ClosingClarity

What the NAR Settlement Actually Means for Your Closing — The Parts Nobody Explained

The August 2024 rule change shifted who pays the buyer's agent, but the real cost may have just moved, not disappeared

By Talia BrennanMay 26, 20269 min read

The Contract Nobody Read Until Now

In the spring of 2019, home sellers in Missouri filed an antitrust lawsuit against the National Association of Realtors, Anywhere Real Estate, RE/MAX, Keller Williams, and HomeServices of America [3]. The case went to trial in the fall of 2023, and a jury found for the plaintiffs [3]. Rather than appeal further, NAR chose to settle.
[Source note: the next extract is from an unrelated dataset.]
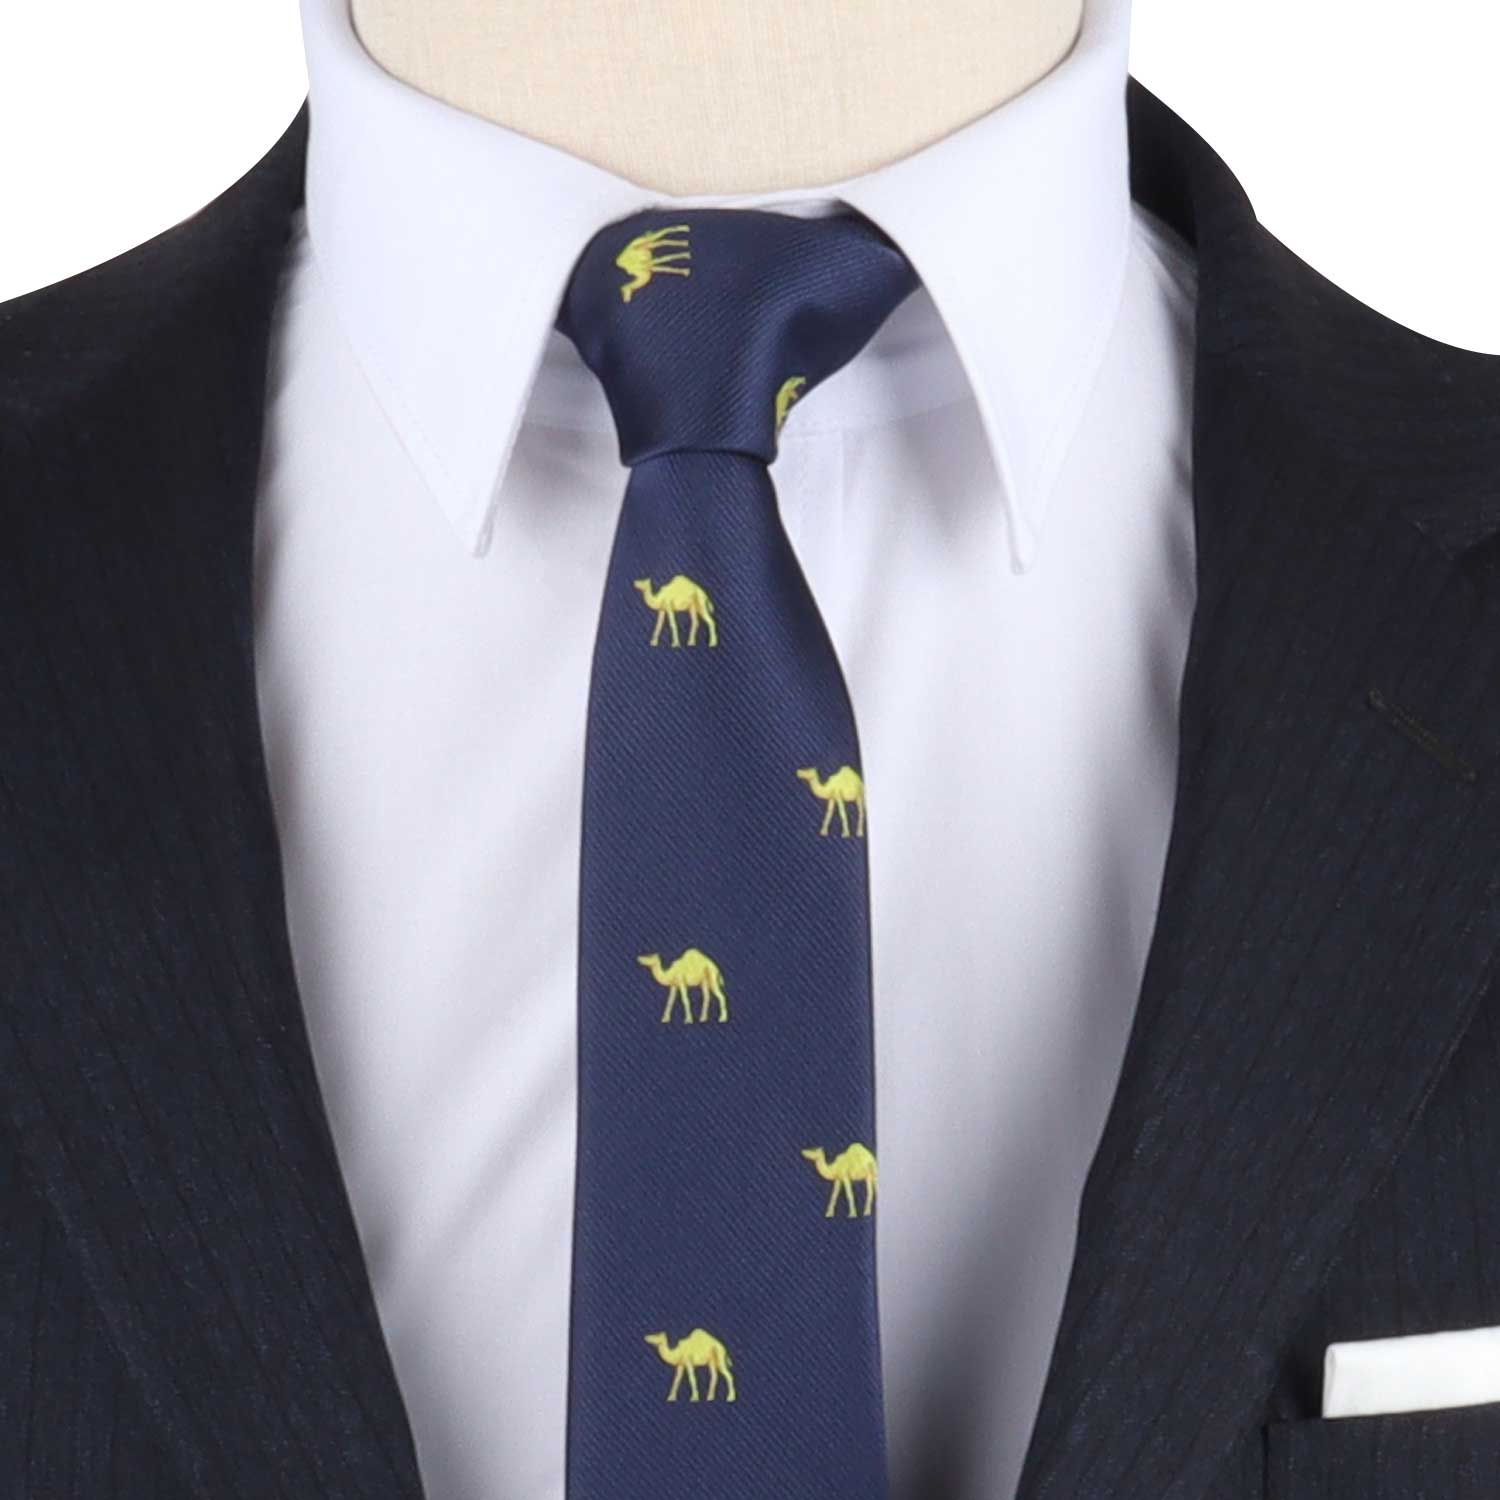 A Camel Skinny Tie, adding a touch of Desert charm.
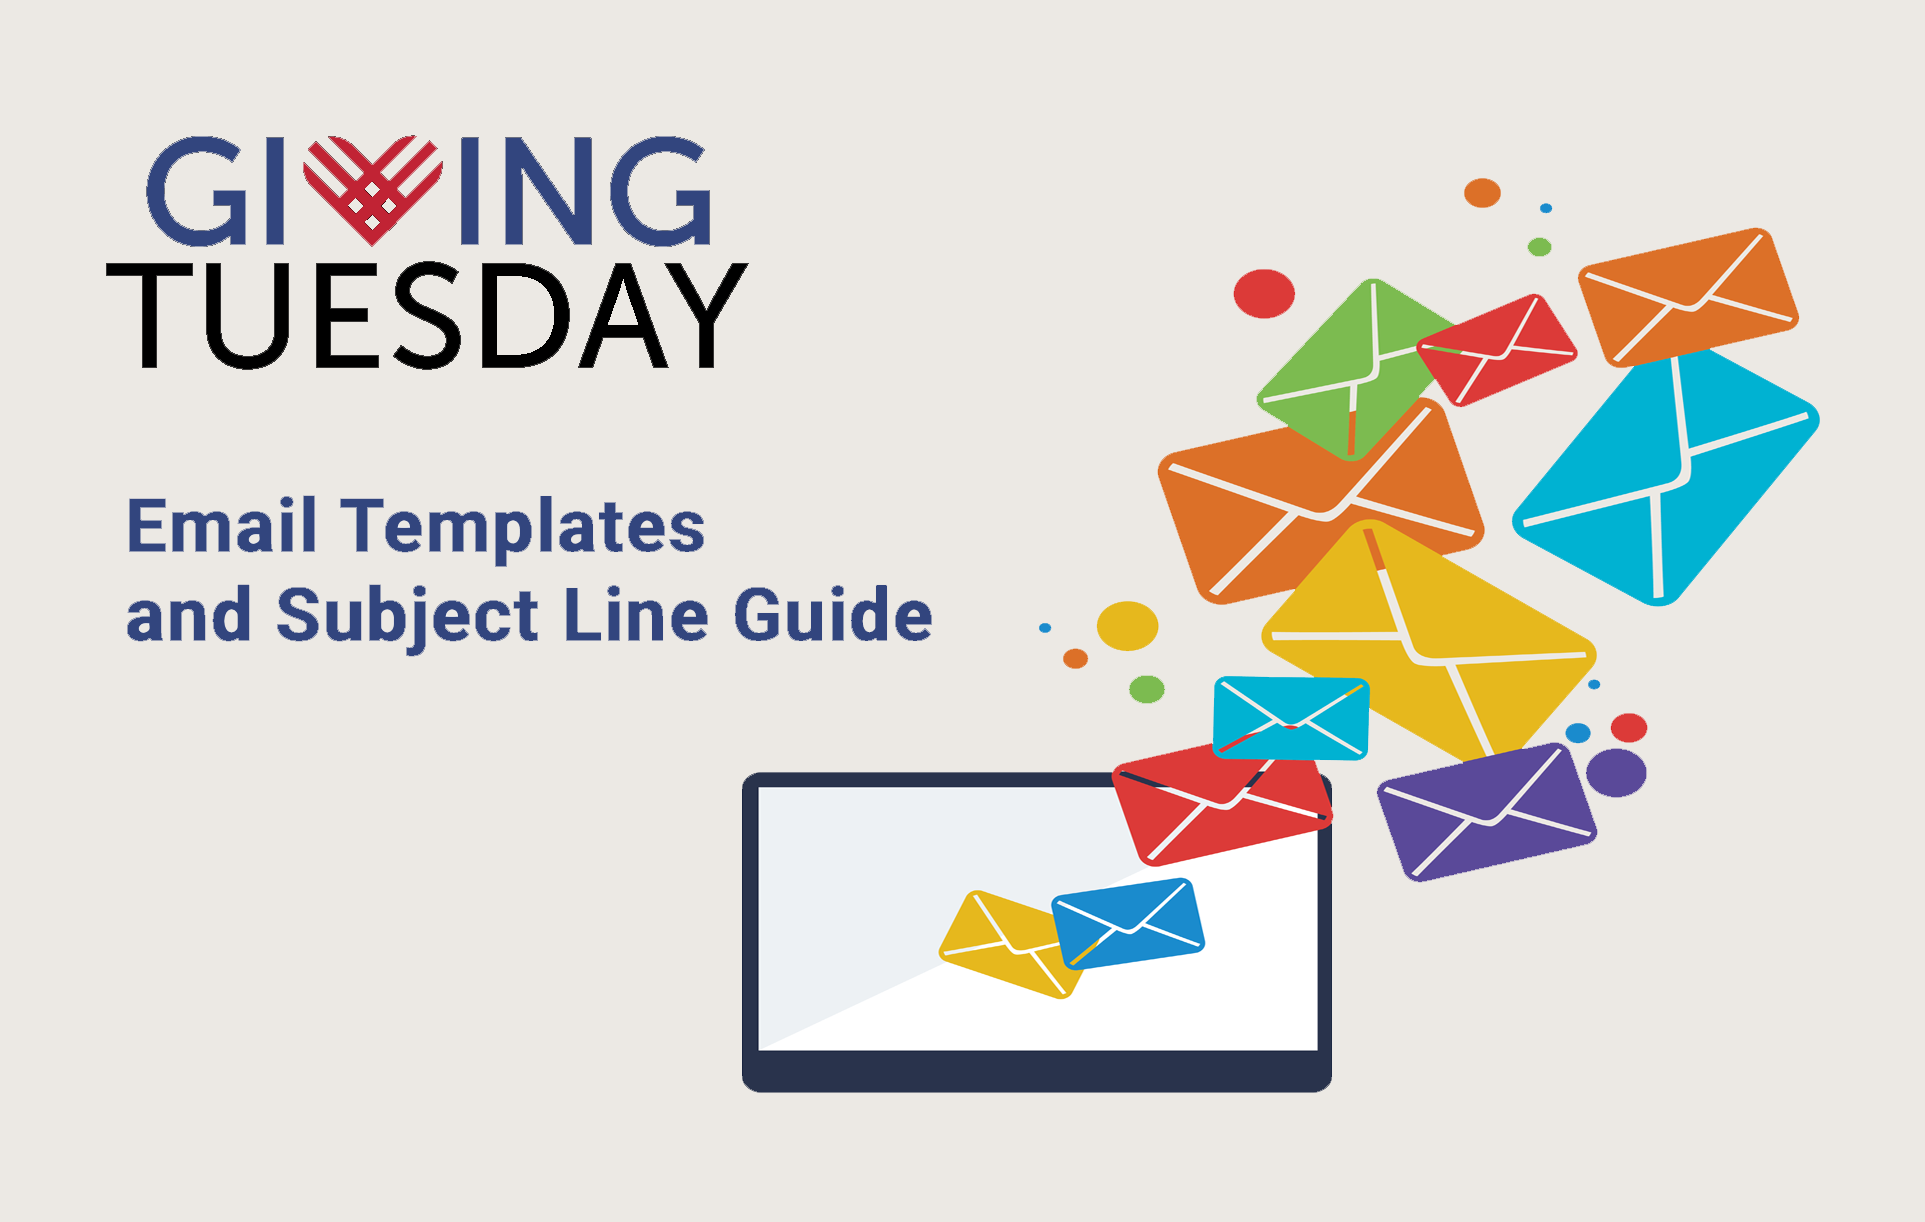 GivingTuesday Email Templates and Subject Line Guide

The association agreed to pay $418 million over four years, with $197 million paid in February 2025 and the next $72 million installment due in February 2026 [3]. Judge Stephen R. Bough granted preliminary approval on April 23, 2024, and final approval followed in November 2024 [6]. The practice changes took effect on August 17, 2024 [1].

That date is now in the past. Those rules are now in place. And if you are buying or selling a home in 2026, they apply to your transaction whether you have heard of Sitzer-Burnett or not.

The problem is that most buyers have not heard of it, and the people sitting across from them at the closing table have a financial reason to keep it that way.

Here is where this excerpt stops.